А десятилетия спустя Мельниковы породнятся с Пушкиными. Сам Павел Петрович Мельников детей не имел. Его любимая племянница Варвара Алексеевна, отец которой, также инженер корпуса путей сообщения, был строителем железной дороги Петербург;Вильно, в 1883 году станет женой сына поэта Григория Александровича Пушкина, и они будут жить в родовом имении Михайловском (9).
«СНЕГООЧИСТИТЕЛЯ ТОГДА, КОГДА ПИСАЛ ПУШКИН, НЕ БЫЛО И В ПОМИНЕ»
1 Пушкин А.С. Полн. собр. соч. - Т. Х - С. 615.
2 Там же
3 Петербургские записки. Первый отчет об успехах железной дороги из С.-Петербурга в Царское Село и Павловск, составленный Г.ф. Герстнером // Северная пчела - 1836 - № 171 - 29 июля.
4 Русский архив - 1864 - Кн. VII-VIII - Стлб. 822-823.
5 Там же.
6 Алексеев М.П. Пушкин: Сравнительно-исторические исследования. - Л., 1984 - С. 123
7 Цит. по: Виргинский В.С. Возникновение железных дорог в России до начала 40-х годов ХIХ века - М., 1949 - С. 101.
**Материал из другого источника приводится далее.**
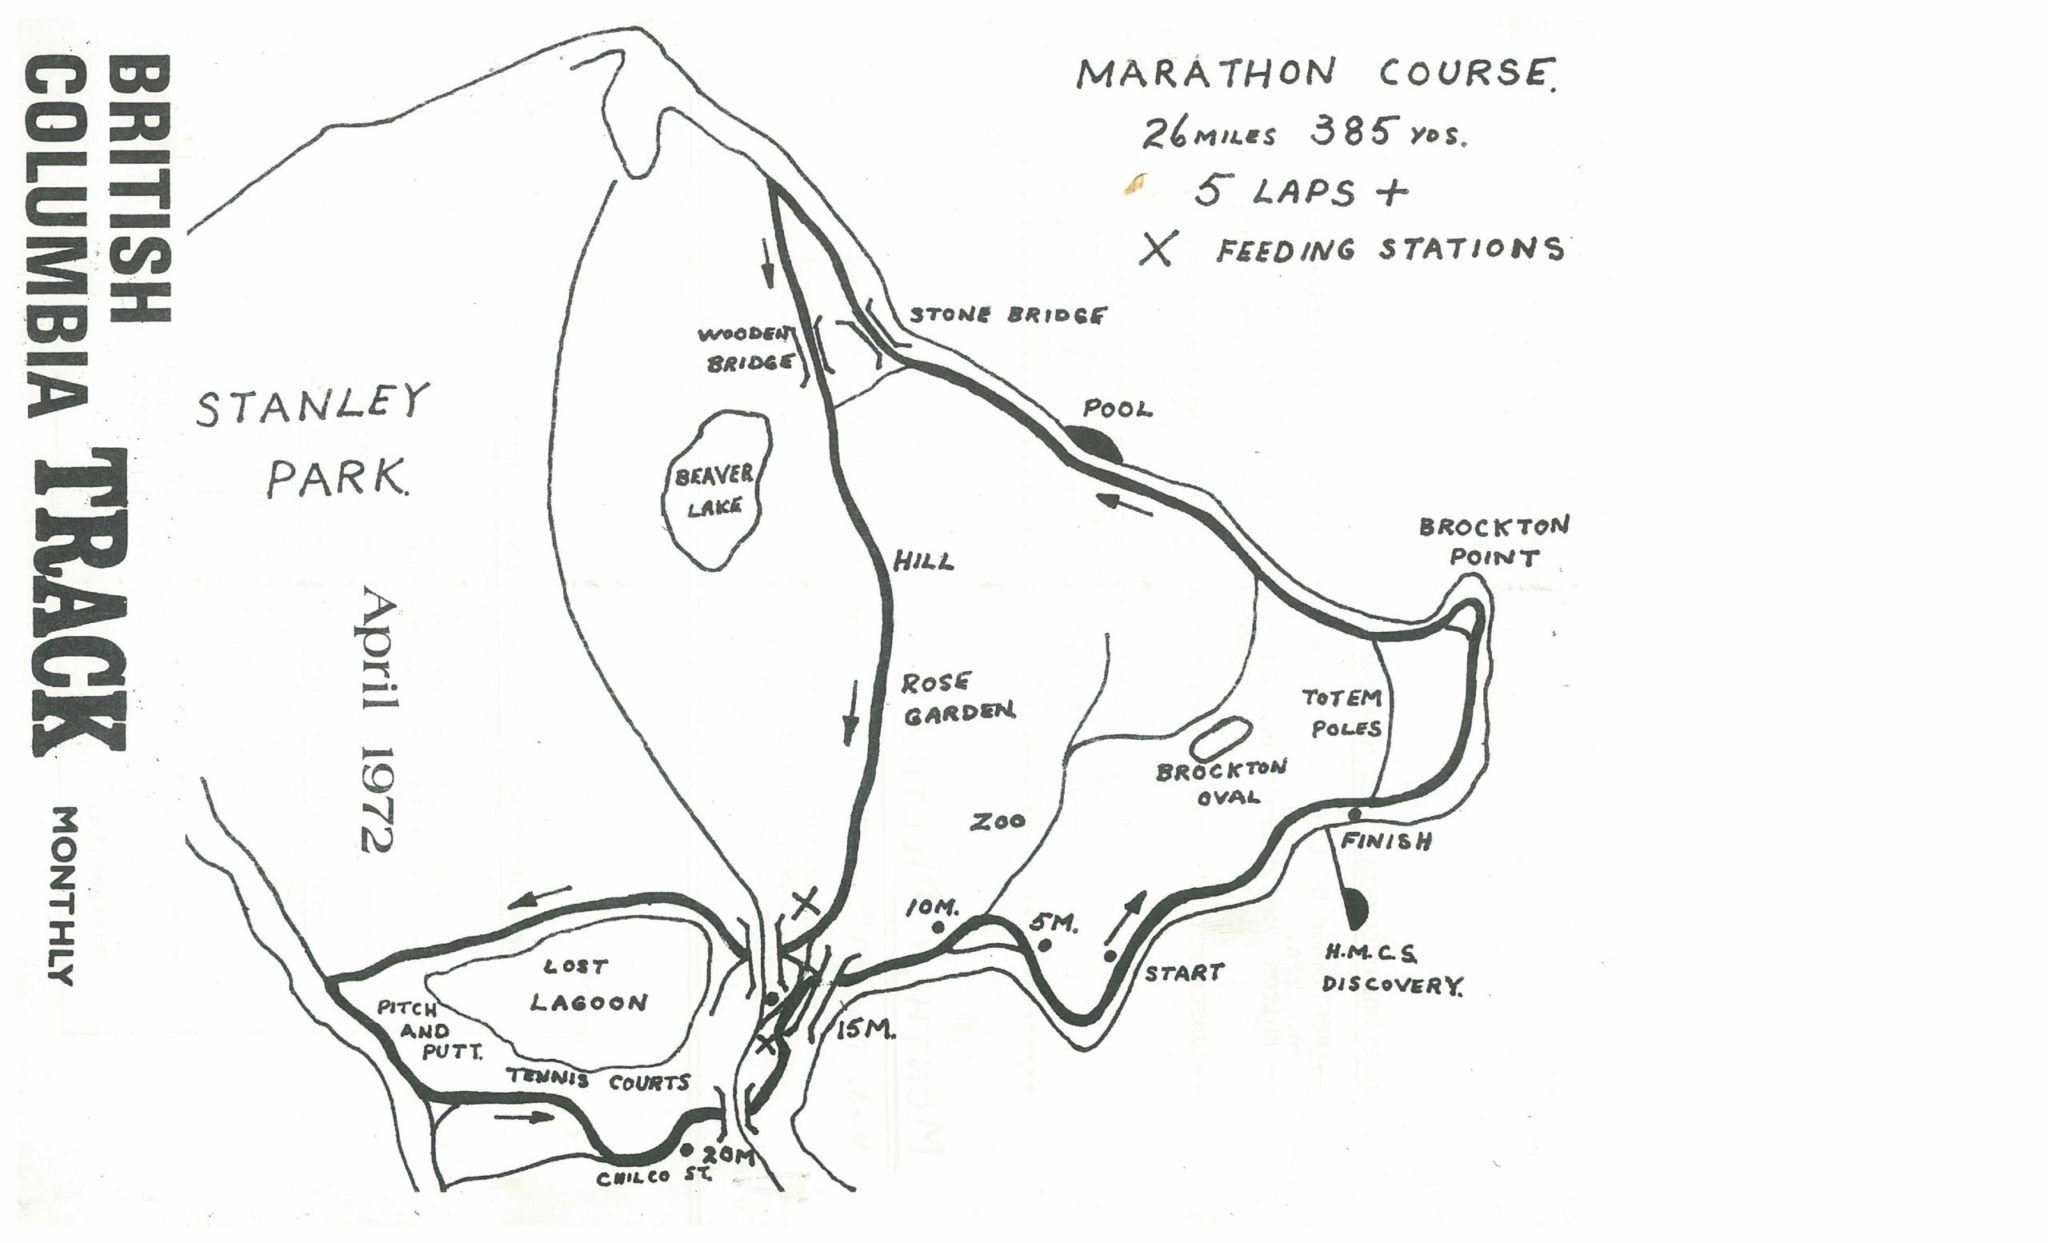 Vancouver Marathon 1972 Course Map
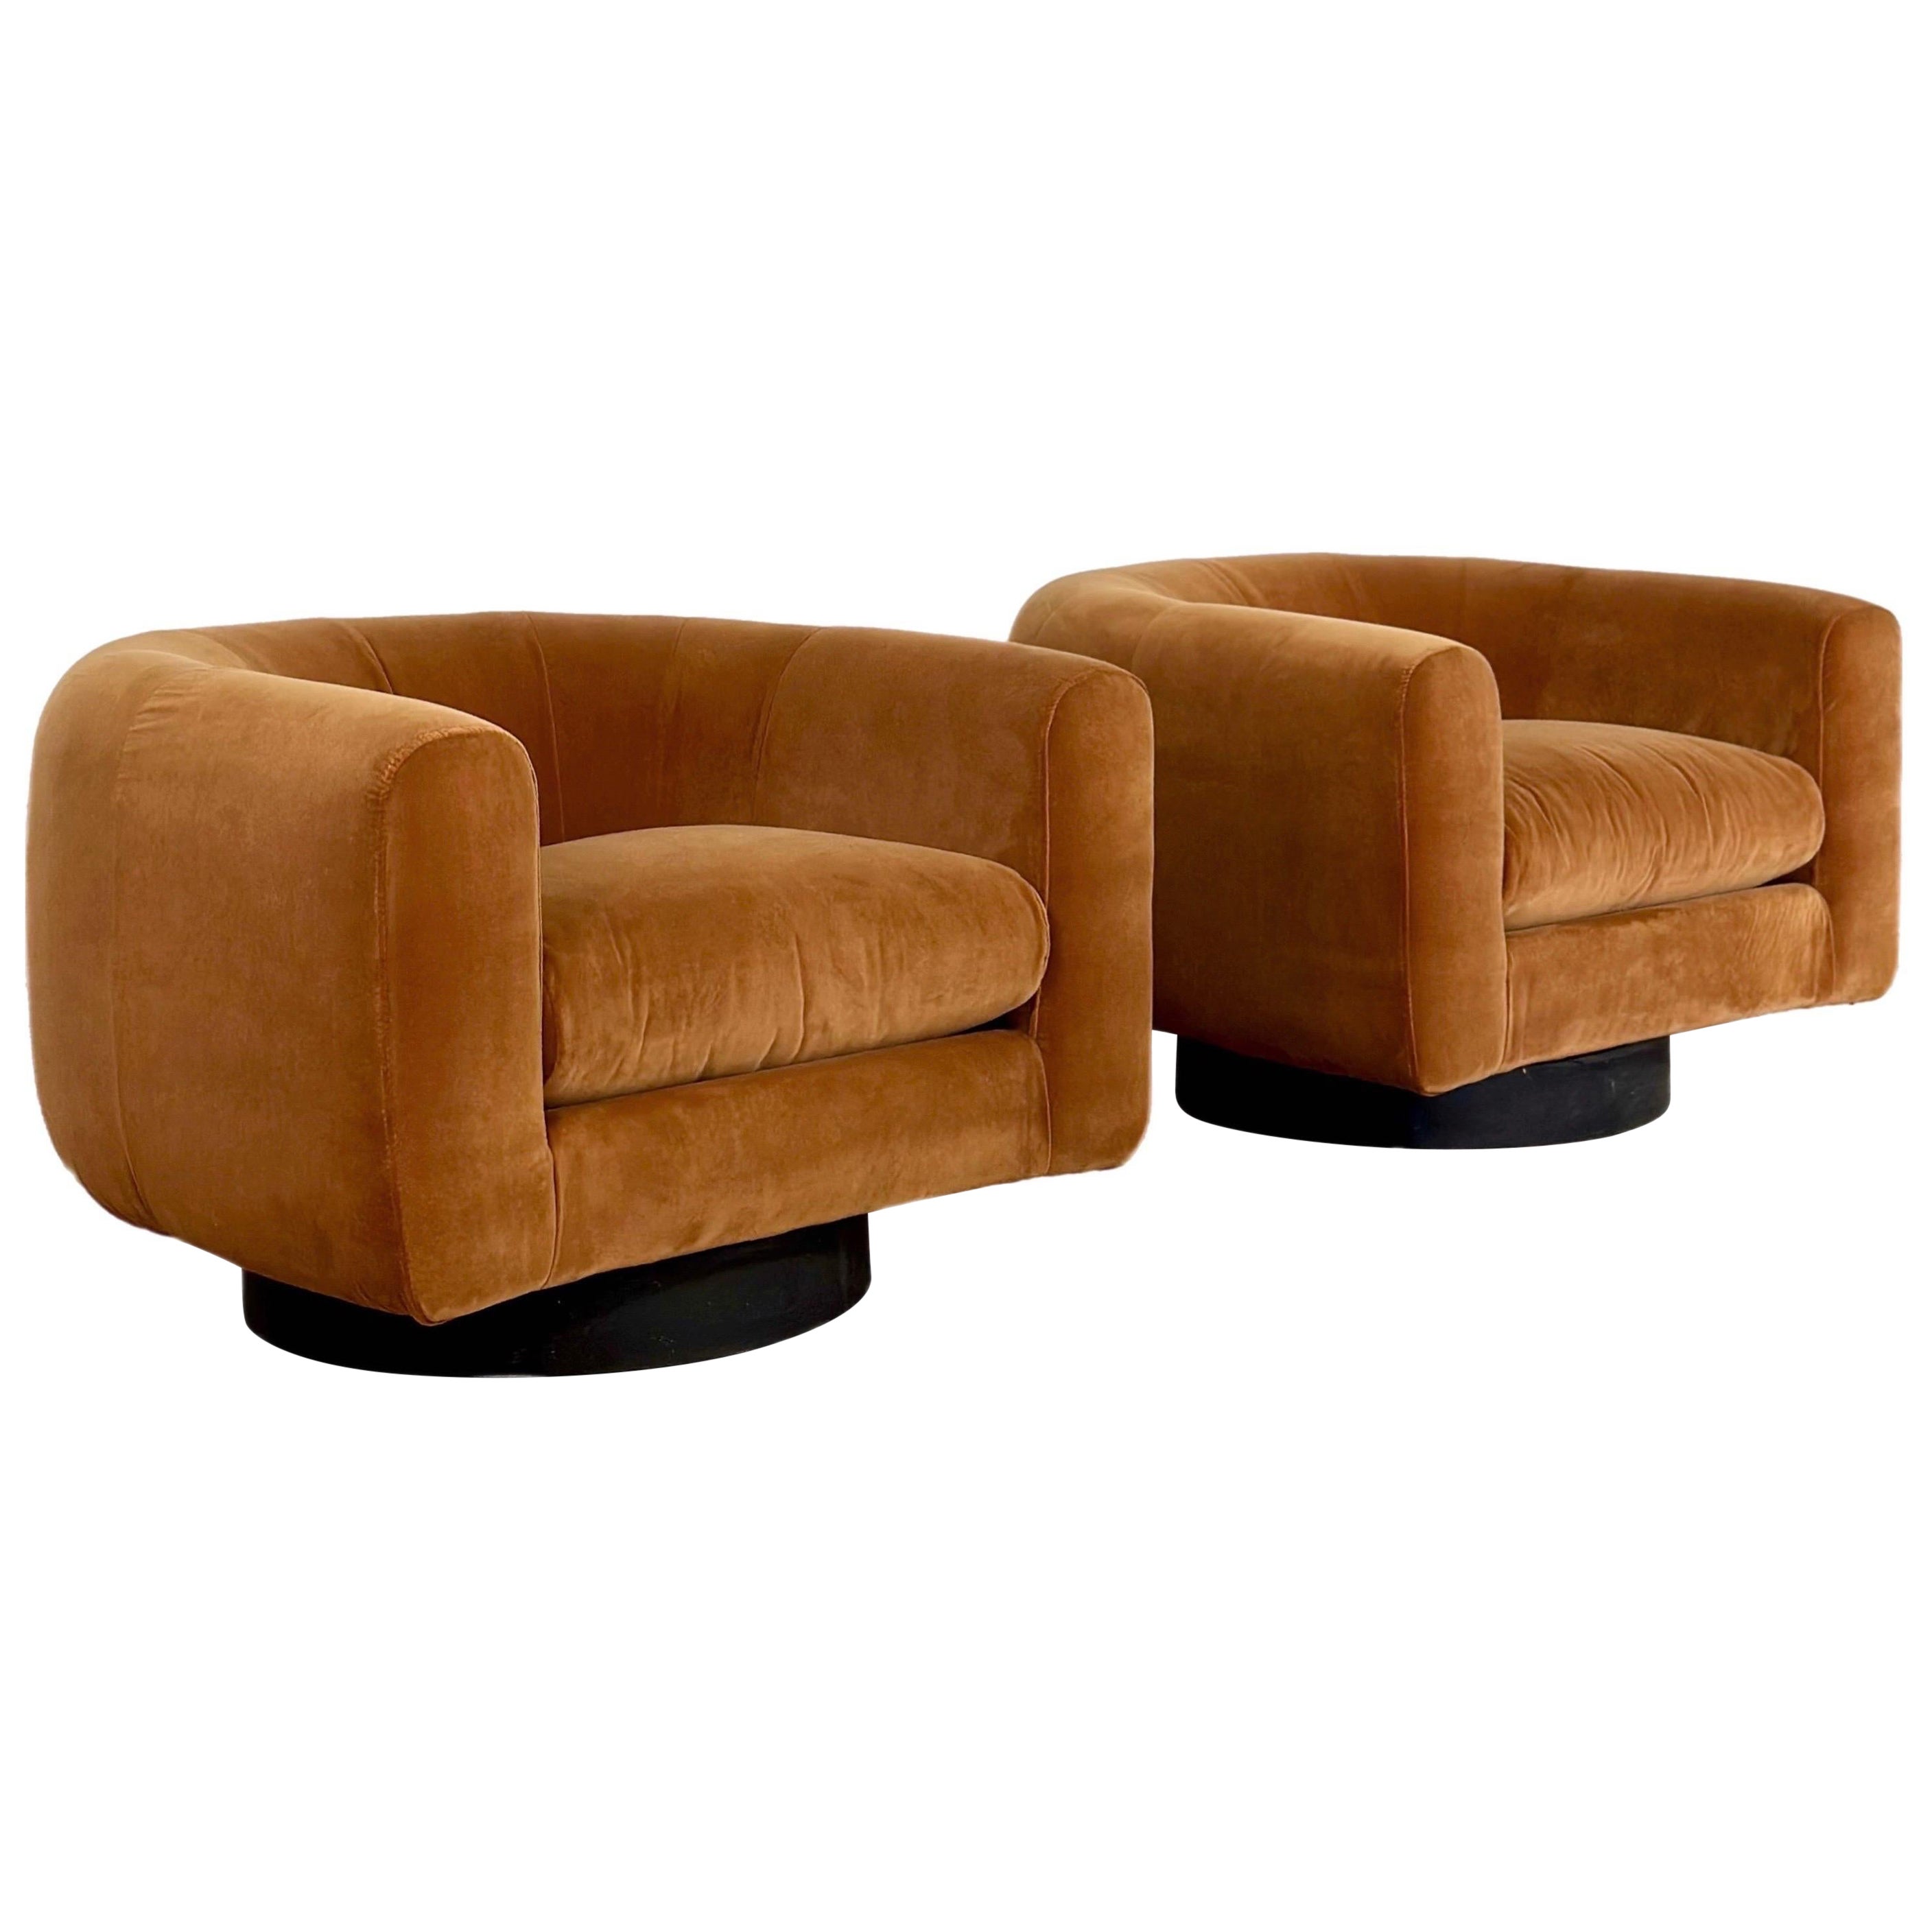 1970er Jahre Milo Baughman Stil neu gepolsterte ockerfarbene drehbare Stühle mit Fassrückenlehne - ein Set

8 Цит. по: П.П. Мельников. - инженер, ученый, государственный деятель. - С. 251.
9 См. об этом: Русаков В.М. Рассказы о потомках Александра Сергеевича Пушкина. - М., 1999 - С. 71 и далее.
«ПОПАЛ В… ОПЕКУ, КАК ОТРЕПЬЕВ НА РУССКИЙ ПРЕСТОЛ»
Пушкин погиб, и высмеивавшая Отрешкова статья в «Современнике» не появилась. По горькой иронии судьбы, вместо нее, как это ни удивительно, появился... сам Отрешков - в составе опеки, учрежденной над детьми и имуществом поэта.
Узнав о гибели Пушкина, находившийся за границей С.А. Соболевский (человек крайне практичный) прислал Плетневу письмо, где изложил план обеспечения пушкинской семьи. Одной из первостепенных мер он полагал, «чтобы Плетнев, Жуковский и Вяземский немедленно составили опекунство, буде Пушкин не назначил его при смерти» (1).
Умирающий поэт действительно не думал об опекунстве и не назвал опекунов. Однако совет Соболевского опоздал. Сразу же после кончины Пушкина Жуковский составляет проект письма Николаю I от имени вдовы с просьбой учредить опеку над детьми и имуществом мужа, где есть такие строки: «Благоволите назначить опеку мне и сиротам моим. Я бы хотела, чтобы нашими опекунами были граф Григорий Александрович Строганов, граф Михаил Юрьевич Виельгорский и Василий Андреевич Жуковский» (2).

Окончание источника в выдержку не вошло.